If $$[\cdot]$$ represents the greatest integer function, then the value of $$\left|\int_0^{\sqrt{\frac{\pi}{2}}} \left[\left[x^2\right] - \cos x\right] dx\right|$$ is ________.

We evaluate $$\left|\int_0^{\sqrt{\pi/2}} \left[\left[x^2\right] - \cos x\right] dx\right|$$, where $$[\cdot]$$ denotes the greatest integer function.

The upper limit is $$\sqrt{\pi/2} \approx 1.2533$$. As $$x$$ goes from 0 to $$\sqrt{\pi/2}$$, $$x^2$$ goes from 0 to $$\pi/2 \approx 1.5708$$.

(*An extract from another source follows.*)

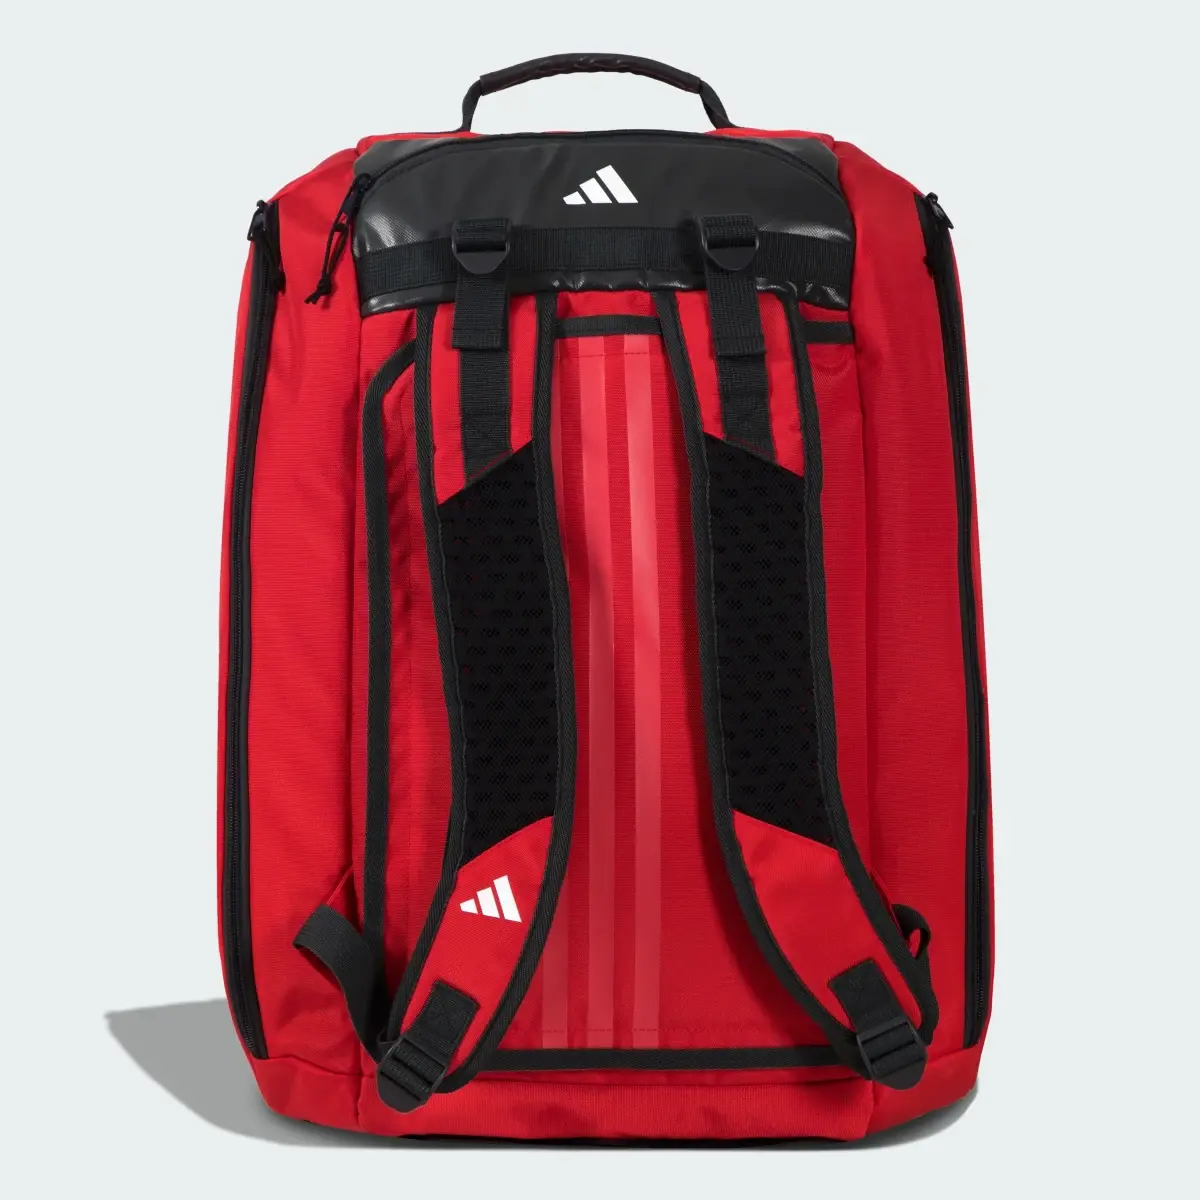 Adidas Racket Bag Tour 3.3 Solar Red. 3

For $$0 \leq x < 1$$: $$x^2 \in [0,1)$$, so $$[x^2] = 0$$. The integrand is $$[0 - \cos x] = [-\cos x]$$. Since $$\cos x \in (\cos 1, 1] \approx (0.5403, 1]$$ on this interval, $$-\cos x \in [-1, -0.5403)$$. At $$x = 0$$, $$-\cos 0 = -1$$ and $$[-1] = -1$$. For $$x \in (0,1)$$, $$-1 < -\cos x < 0$$, so $$[-\cos x] = -1$$. Thus $$[-\cos x] = -1$$ on $$[0, 1)$$.

For $$1 \leq x \leq \sqrt{\pi/2}$$: $$x^2 \in [1, \pi/2]$$, so $$[x^2] = 1$$. The integrand is $$[1 - \cos x]$$. Here $$\cos x$$ ranges from $$\cos(\sqrt{\pi/2}) \approx 0.309$$ to $$\cos 1 \approx 0.540$$, so $$1 - \cos x \in (0.460, 0.691)$$. Since $$0 < 1 - \cos x < 1$$, we have $$[1 - \cos x] = 0$$.

Therefore $$\int_0^{\sqrt{\pi/2}} [[x^2] - \cos x]\, dx = \int_0^1 (-1)\, dx + \int_1^{\sqrt{\pi/2}} 0\, dx = -1$$.

Taking the absolute value: $$|-1| = 1$$.

The answer is 1.